No part of Arizona and the colorful southwest is a stranger to her. Her panoramas are complete and compelling. She has found herself in lonely canyons, on high plateaus, duelling, as it were, with Nature's spectacular scenic wonders of the southwest, using her brush as a weapon. There is always reflected in her work her own passion for the western scene. Lower Oak Creek canyon, with red, weird mountains, attracted her so strongly that she and her husband settled there and her paintings of that region are some of the finest things that she has done.

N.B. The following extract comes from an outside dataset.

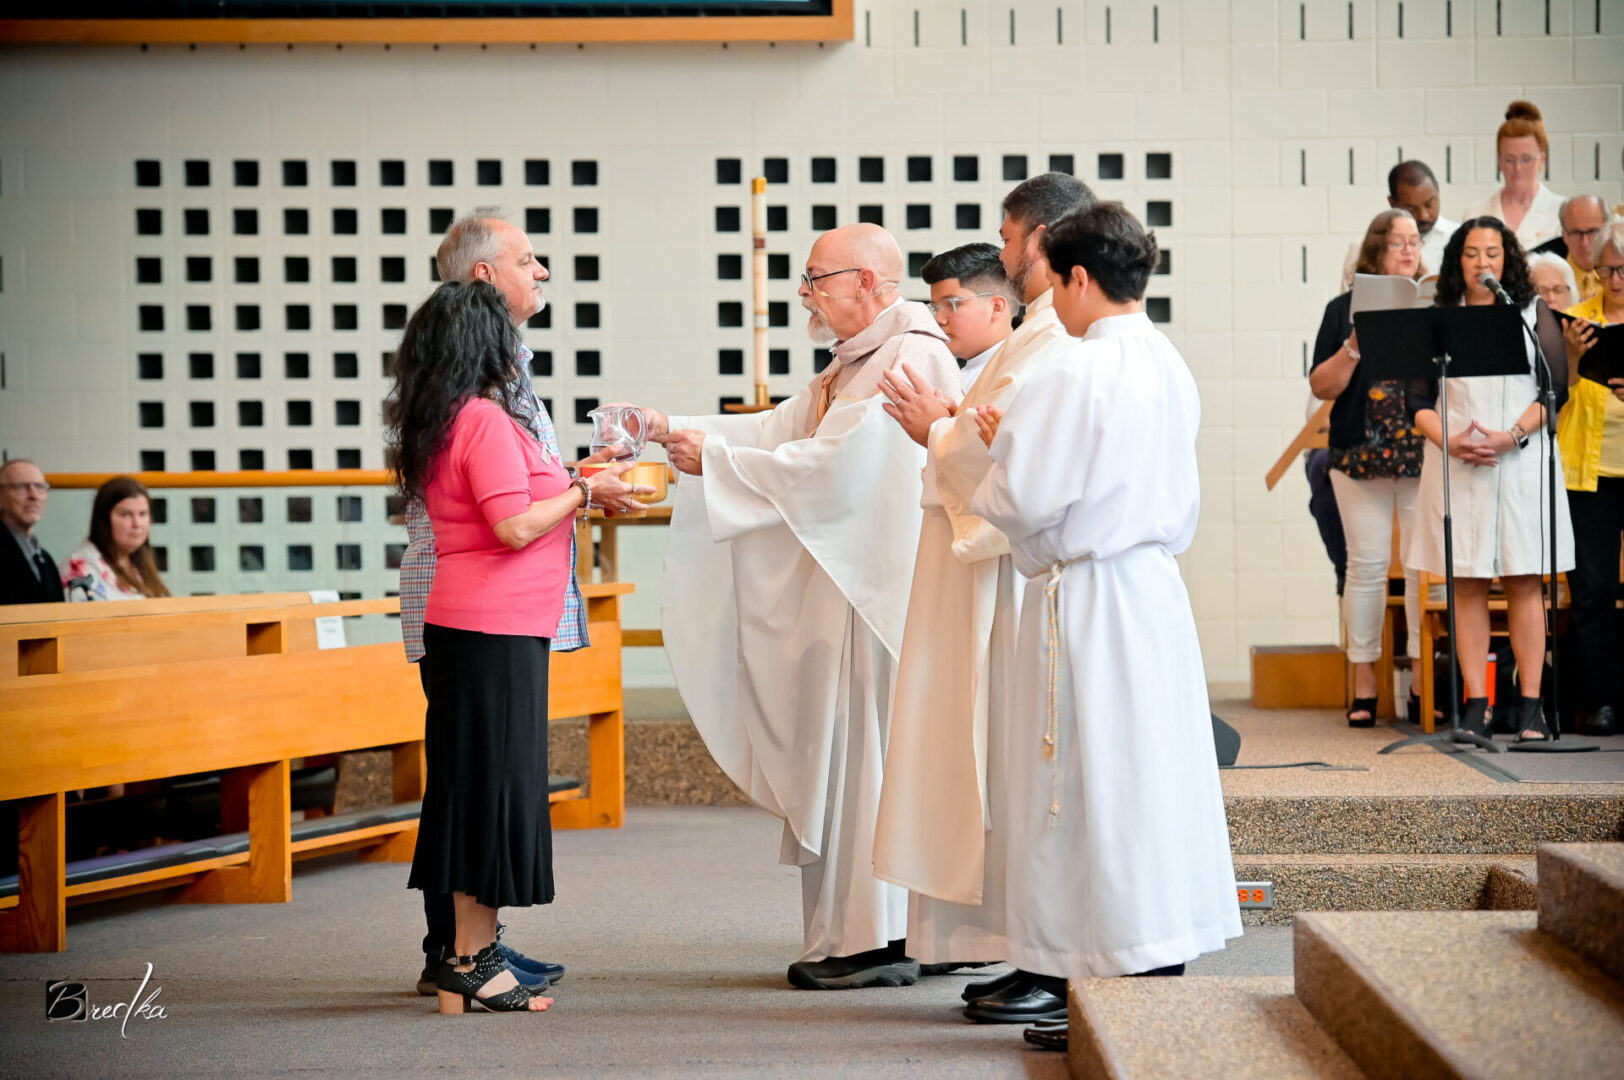 A woman receives communion during a church service.

The four reproductions, which we present here, are from original paintings used to illustrate two volumes of verse by Lou Ella Archer, “Sonnets of the Southwest,” and “Canyon Shadows.” “Walpi,” “Rainbow Bridge,” “Monument Valley,” and “Apache Trail,” are evidences of the sweeping color in the paintings of Lillian Wilhelm Smith.
If you live in more sombre climes and you have never had the pleasure of visiting Arizona you might doubt the veracity of the colorful portrayals of the artist. We ask you not to doubt until you have seen for yourself.
Such spectacular scenes beggar description. The vivid coloring of portions of Arizona, such as the scenes presented here, will change from hour to hour, day to day, season to season. That is the charm and lure of this western land. Always there is a bright sun blazing forth, forming intense color patterns, sharp and yet subdued, constant and yet interminably changing, almost unbelievable.
And night in this strange land of the west doesn't mean a Holy Power suddenly, abruptly lower-ing a dark, lusterless curtain. Day becomes night in our land gently and beautifully, the dimmed and dancing rays of a departing sun merrily frolicking there in the west, not vanishing until gay lights in the Heavens, called stars, make their appearance. And when such a scene is “Walpi” it truly challenges the artist who might be wandering by.
Lillian Wilhelm Smith has wandered by many lovely places in our land, and has taken many lovely portrayals with her.-R. C.